Angesichts der aktuellen Hochwasserkatastrophe steigt auch bei Unternehmern das Risiko-Bewusstsein. Roland Grumiller, Leiter des Risk Managements von Steinmayr und Co., erklärt, worauf man bei Versicherungen gegen Naturkatastrophen achten sollte und wo die aktuellen Probleme liegen.
Ist das Risikobewusstsein, was Hochwasser angeht, ausreichend?
Roland Grumiller: Unmittelbar nach Schadenereignissen steigt üblicherweise das Risikobewusstsein aufgrund der Betroffenheit, wohingegen nach einer gewissen Zeit das Bewusstsein wieder stark sinkt.
Ging man in der Vergangenheit bei schweren Unwettern von einem 100-jährigen Naturereignis aus, müssen aufgrund jüngster Erkenntnisse die Intervalle wesentlich kürzer definiert werden. In vielen Fällen wird dieser Umstand im Risikomanagement in Unternehmen kaum berücksichtigt.
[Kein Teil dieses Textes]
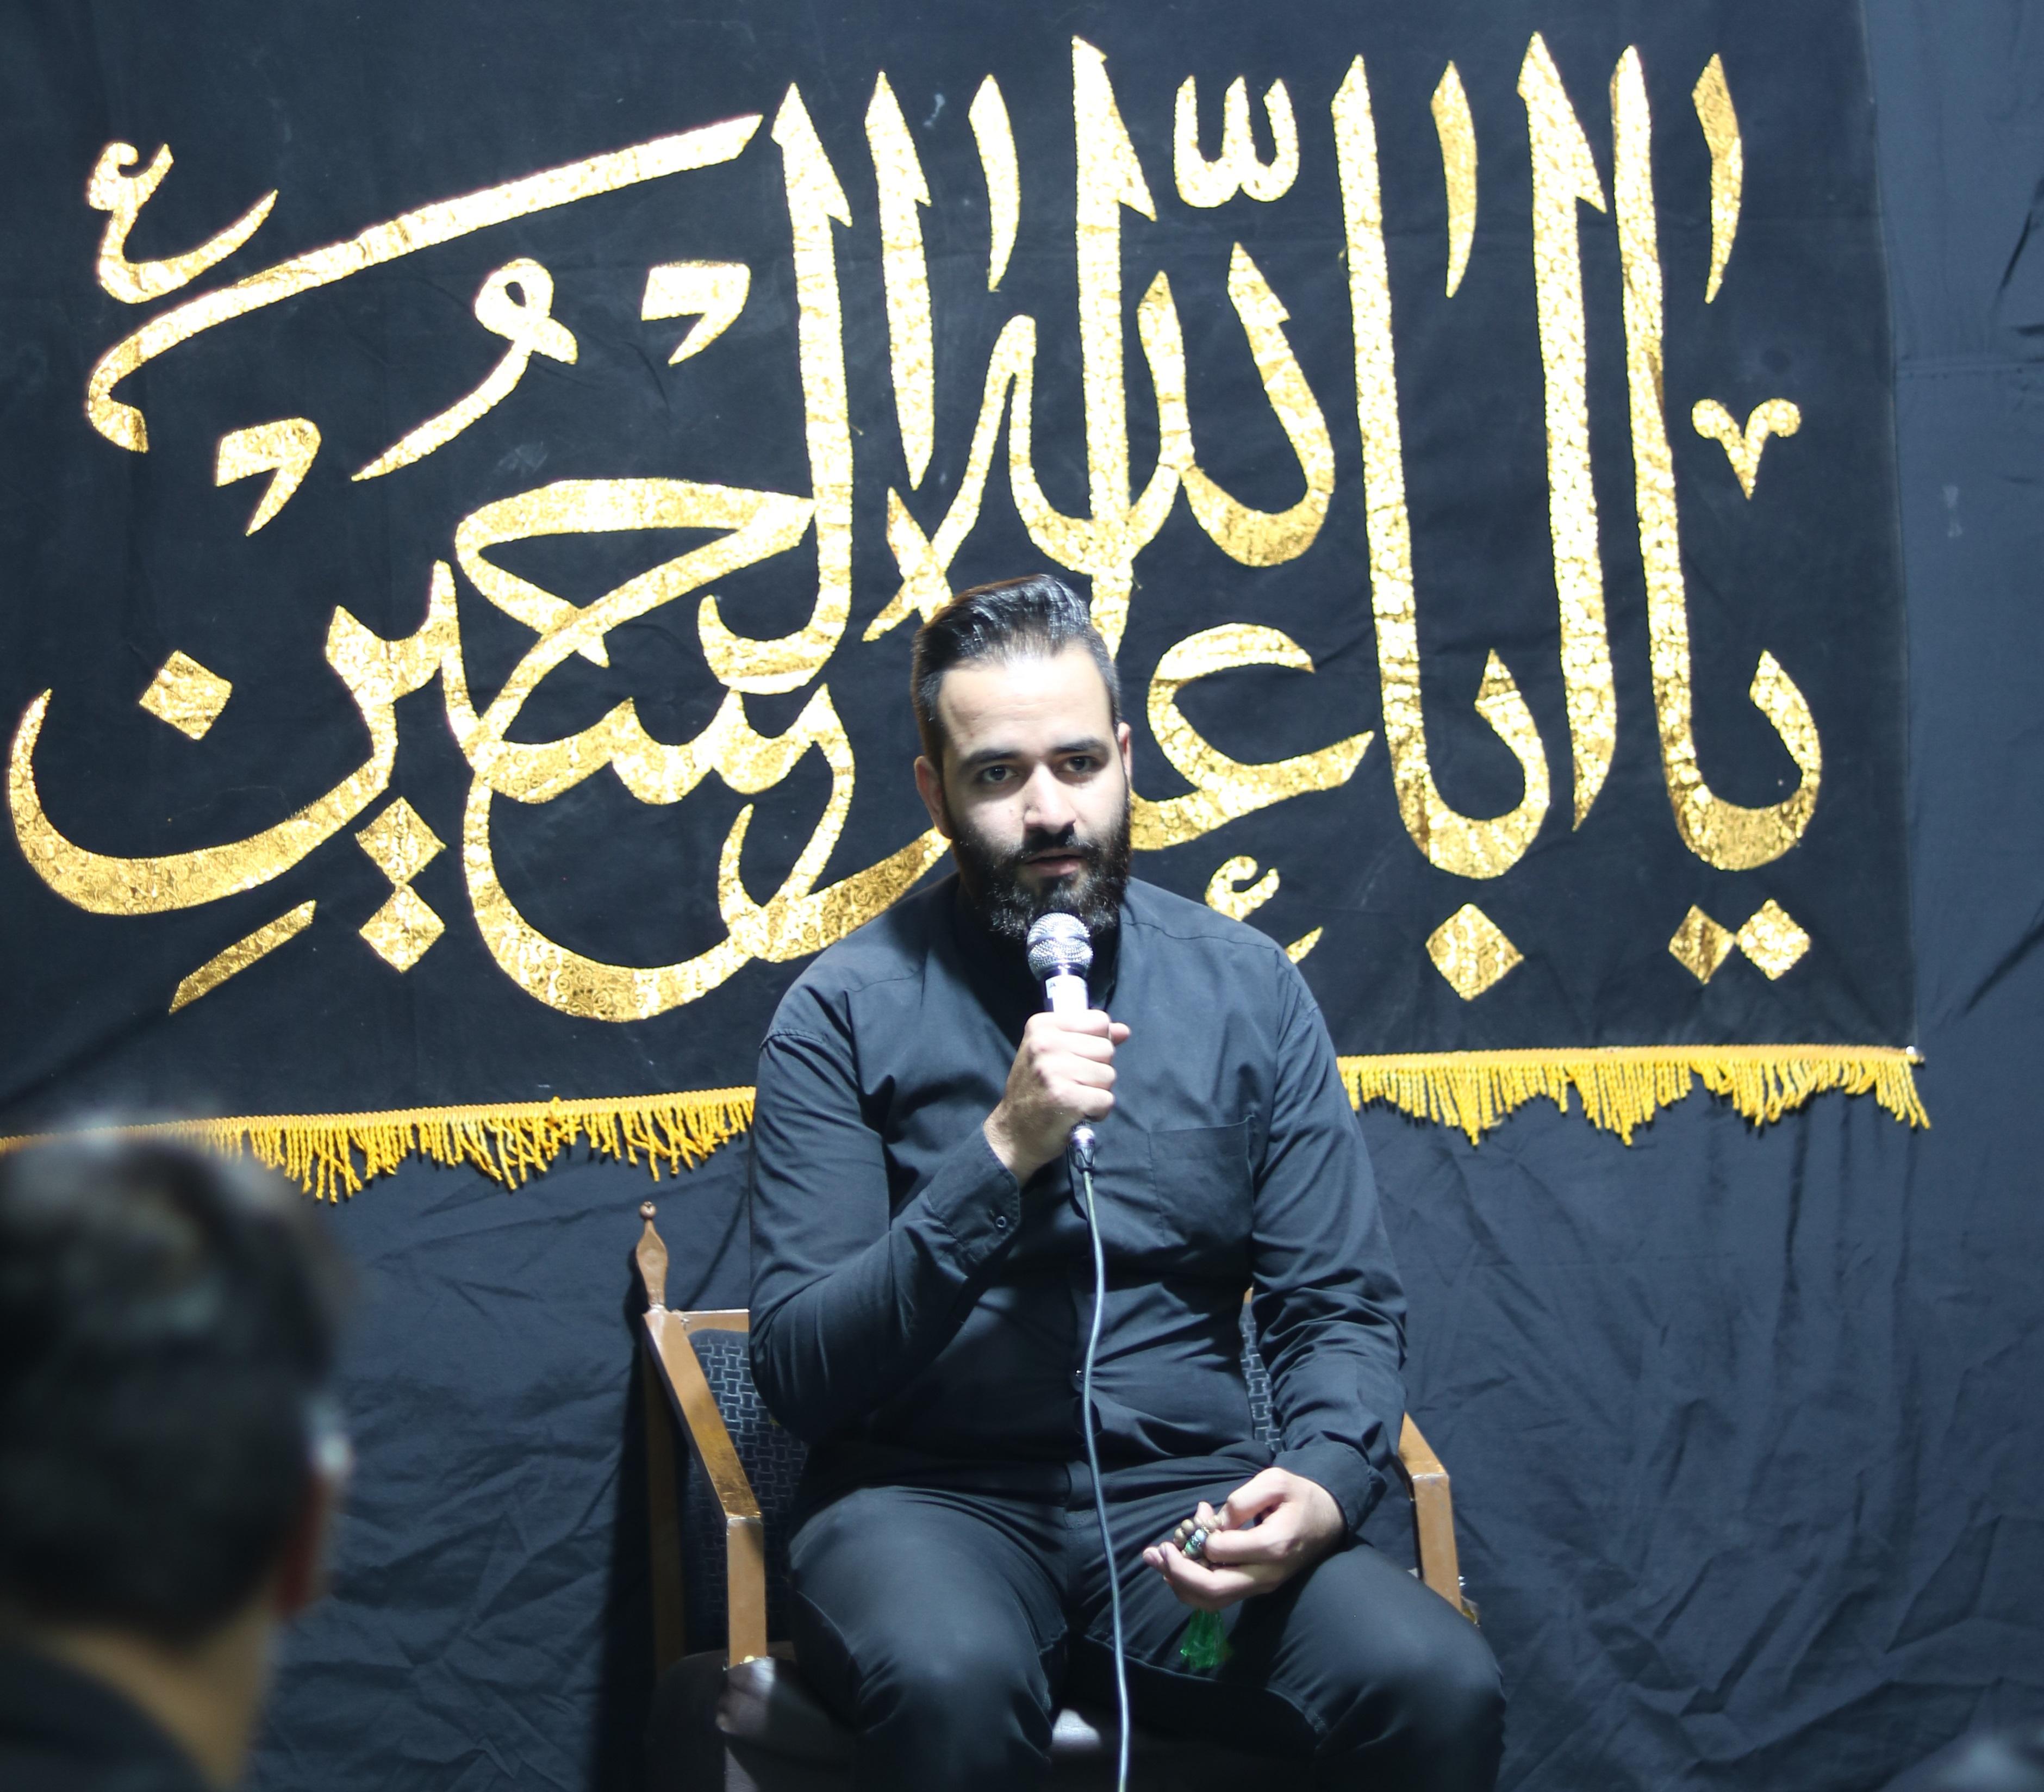 دانلود عکس و والپيپر HD | شهادت امام صادق(ع) 29 خرداد 1399
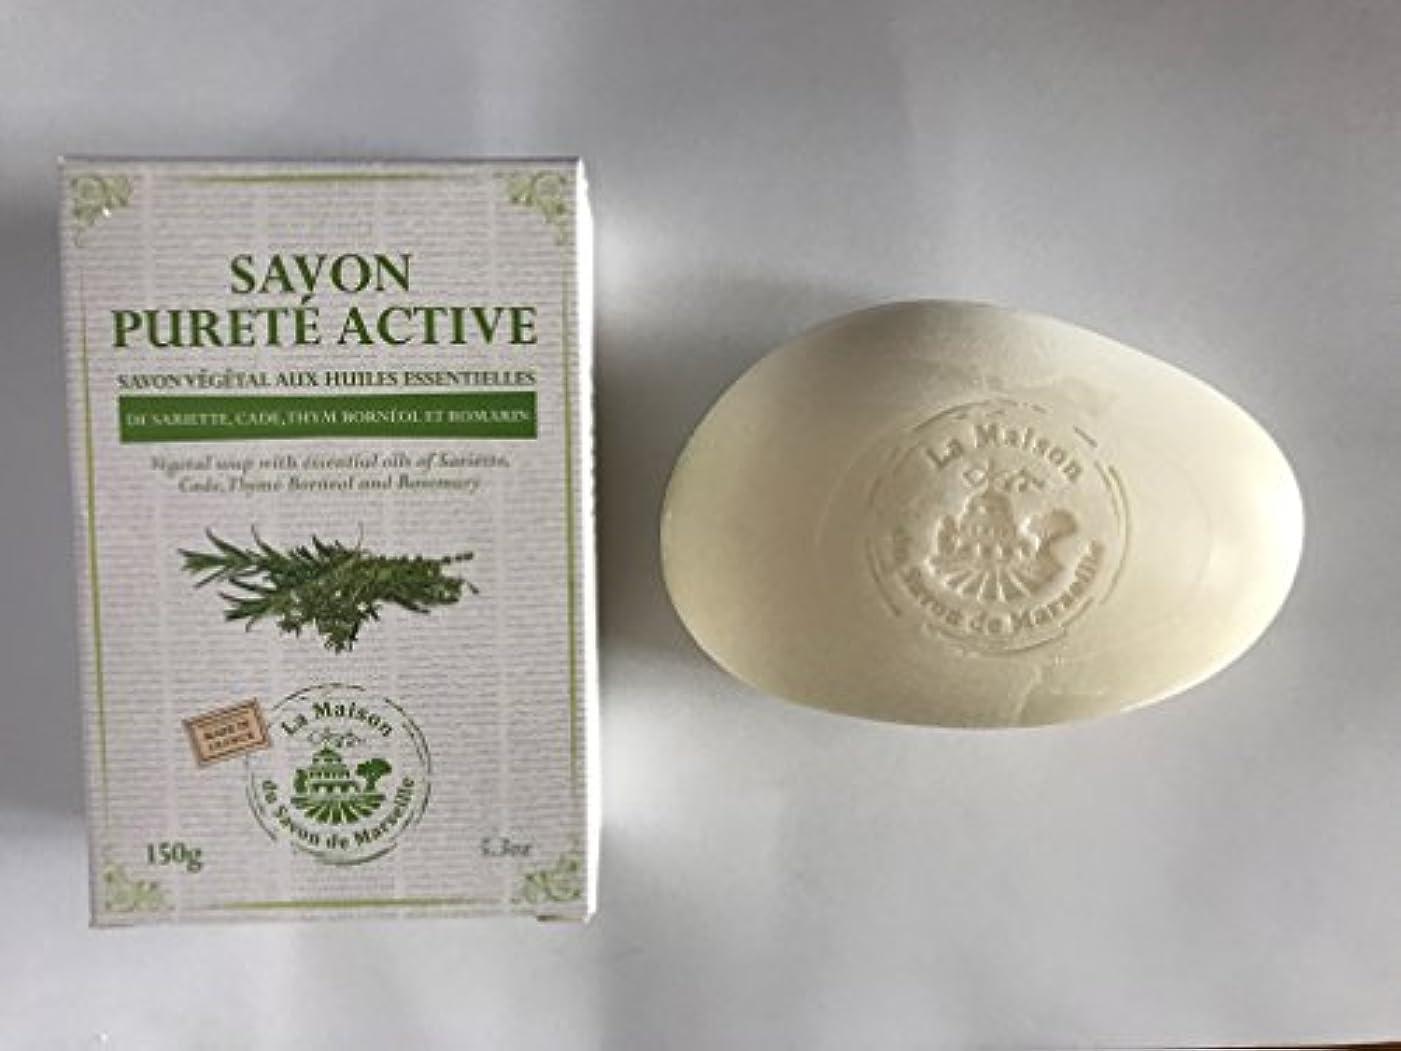 Savon de Marseille Soap with essential oils,Purete active 150g

Warum sind zu wenige Unternehmen ausreichend versichert?
Es sind neuerdings Ortschaften mit Hochwasserproblemen konfrontiert, die früher damit nie Probleme hatten. Das führt dann natürlich zu einem anderen Risikobewusstsein, das sich erst den neuen Realitäten angleichen muss. Eine große Rolle spielt aber auch der Versicherungsmarkt, welcher an den Standorten, wo es jedenfalls eine Deckung bräuchte, diese nicht oder unzureichend zur Verfügung stellt.
Wie sollte man grundsätzlich vorbereitet sein?
Die Evaluierung der eigenen Risikosituation ist Grundvoraussetzung. Dazu gehört, sich darüber zu informieren, in welcher Risikozone sich das eigene Unternehmen befindet, welche öffentlichen Schutzmaßnahmen gegeben sind und welche zusätzlichen Maßnahmen durch das Unternehmen in Abstimmung mit der Behörde gesetzt werden können.
Zudem sollte man sich mit einem Worst-Case-Szenario auseinandersetzen und ein entsprechendes Business-Continuity-Management implementieren.
Was macht eine adäquate Versicherung aus?
Eine adäquate Versicherung gegen Naturgefahren für Risiken, die in Gefahren-Zonen liegen, gibt es derzeit am österreichischen Versicherungsmarkt nicht. Für Unternehmen außerhalb von Risikozonen gibt es Möglichkeiten über All Risk Modelle oder EC - also „extended coverage“ – Deckungen Naturereignisse einzuschließen, allerdings mit eingeschränkten Summen und mit deutlich höheren Selbstbehalten. Für Private gibt es selbst diese Möglichkeiten praktisch gar nicht.
Woran fehlt es, um solche Angebote verfügbar zu machen?
Für die Bewältigung sogenannter LPHI-Risiken, was für low probability-high-impact, also niedrige Wahrscheinlichkeit mit großen Auswirkungen steht, wie Naturgefahren, wäre ein öffentlich-privates Pflichtversicherungssystem vorteilhaft. Die Expertise von Versicherern und Rückversicherern sowie vorhandene Marktstrukturen können für die Preisfindung genutzt und die private Versicherungswirtschaft sollte mit der Verwaltung und Abwicklung beauftragt werden. Gleichzeitig bedarf es der Rolle eines aktiv-partizipierenden Staats, der als Rückversicherer zur Aufrechterhaltung des Systems auftreten sollte. Damit wird zudem gewährleistet, dass im Zuge des Versicherungsangebots keine adverse Selektion zur Anwendung kommt und die Risiken gesamthaft gepoolt werden.
Vielen Dank für das Gespräch!
Zu Person:
Roland Grumiller ist als Leiter der Risk-Management-Abteilung Teil des Teams des Tiroler Versicherungsmaklers Steinmayr und Co.